Introduction to Docker¶
Prerequisites¶
There are no specific skills needed for this tutorial beyond a basic comfort with the command line and using a text editor.
Open an Atmosphere instance¶
Go to Atmosphere and log in with your CyVerse credentials.
Click on ‘projects’ tab at the top of the page.
You should have a project called ‘Conatainer Camp 2021’; click on that tile.
You should already have a running instance called Ubuntu 18_04 NoDesktop Base.

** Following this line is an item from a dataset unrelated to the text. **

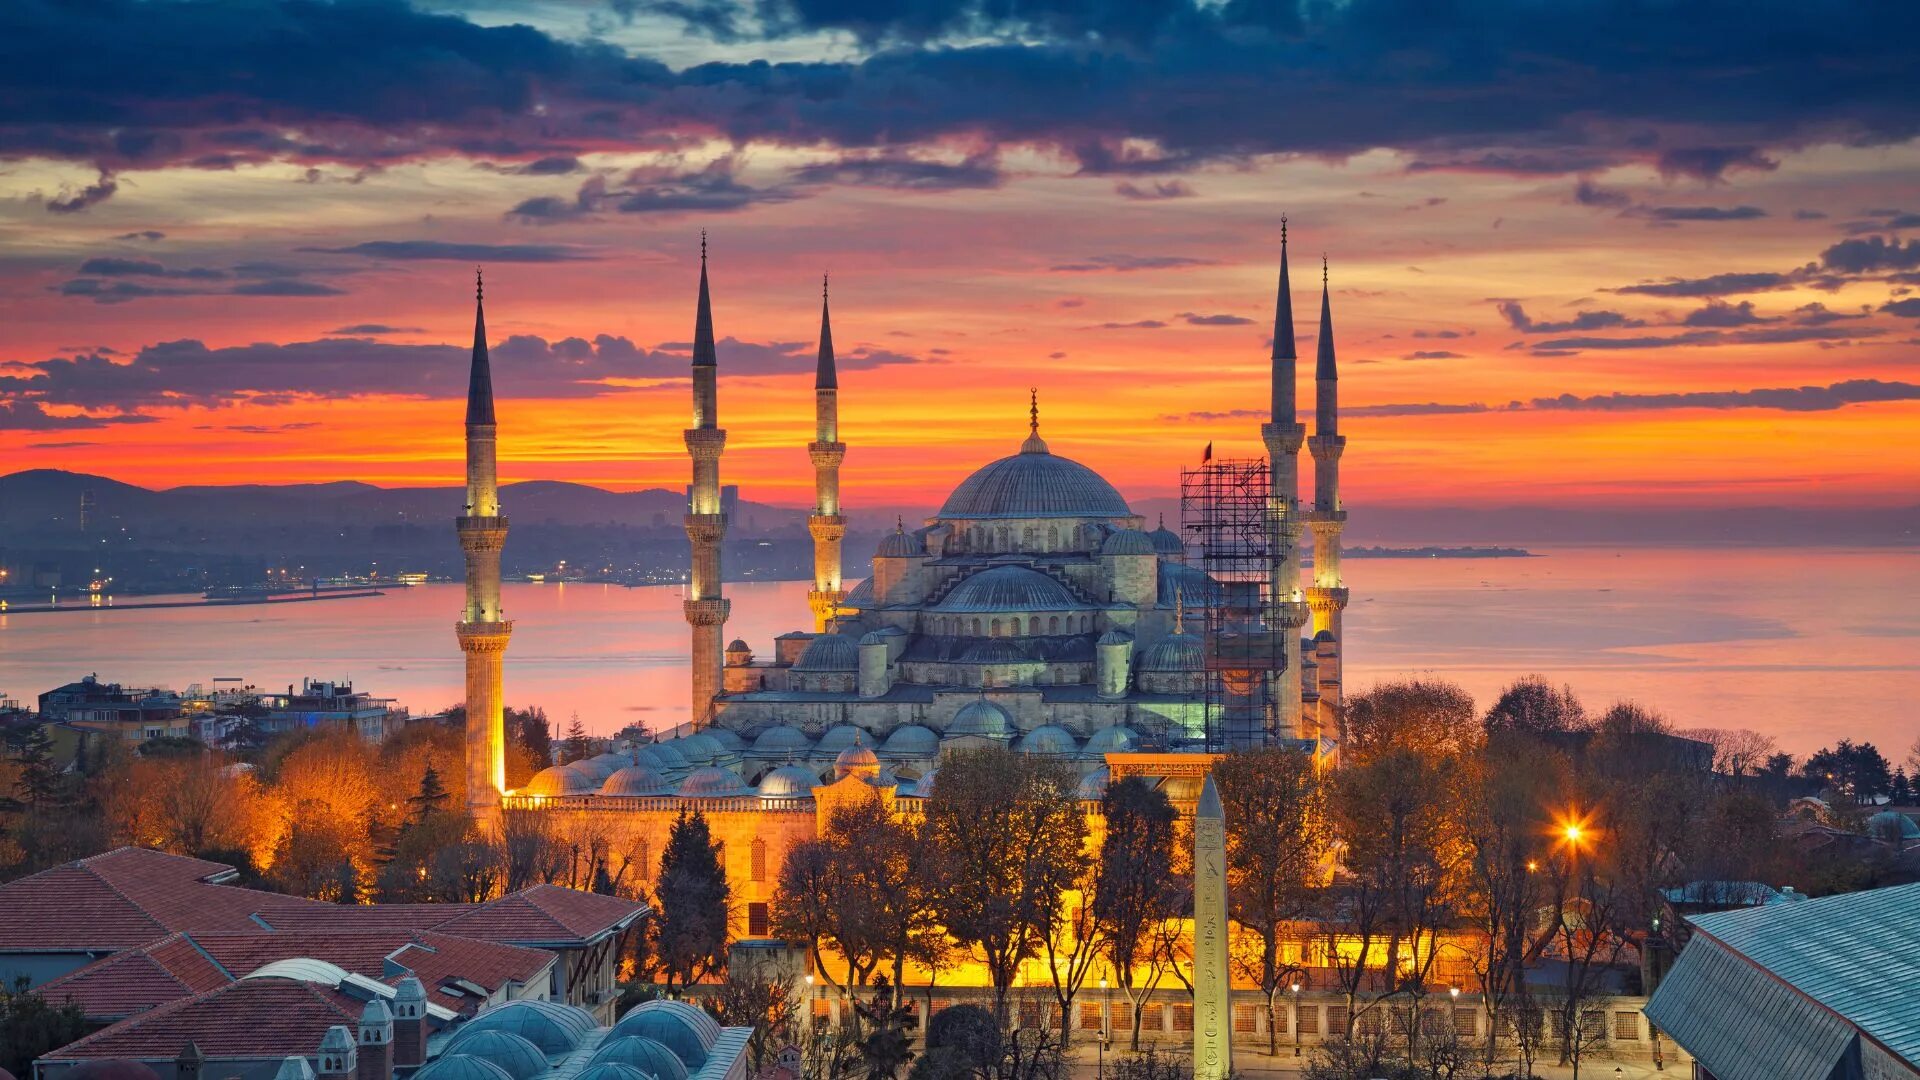 Разница со стамбулом. Стамбул старый город Султанахмет. Достопримечательности Стамбула 2022. Стамбул. Голубая мечеть.

To confirm this look for a green dot and the word ‘Active’ under ‘status’.
Copy the IP address for your instance
Open a terminal on your computer
Connect to your Atmoshere instance via ssh using the IP address you copied
$ ssh <cyverse_username>@128.196.142.89
You will be asked if you are sure you want to continue–say yes.
If you see something like this (below) then you have successfully logged into your Atmophere instance.
Note
Installing Docker on your computer takes a little time but it is reasonably straight forward and it is a one-time setup. How to install Docker.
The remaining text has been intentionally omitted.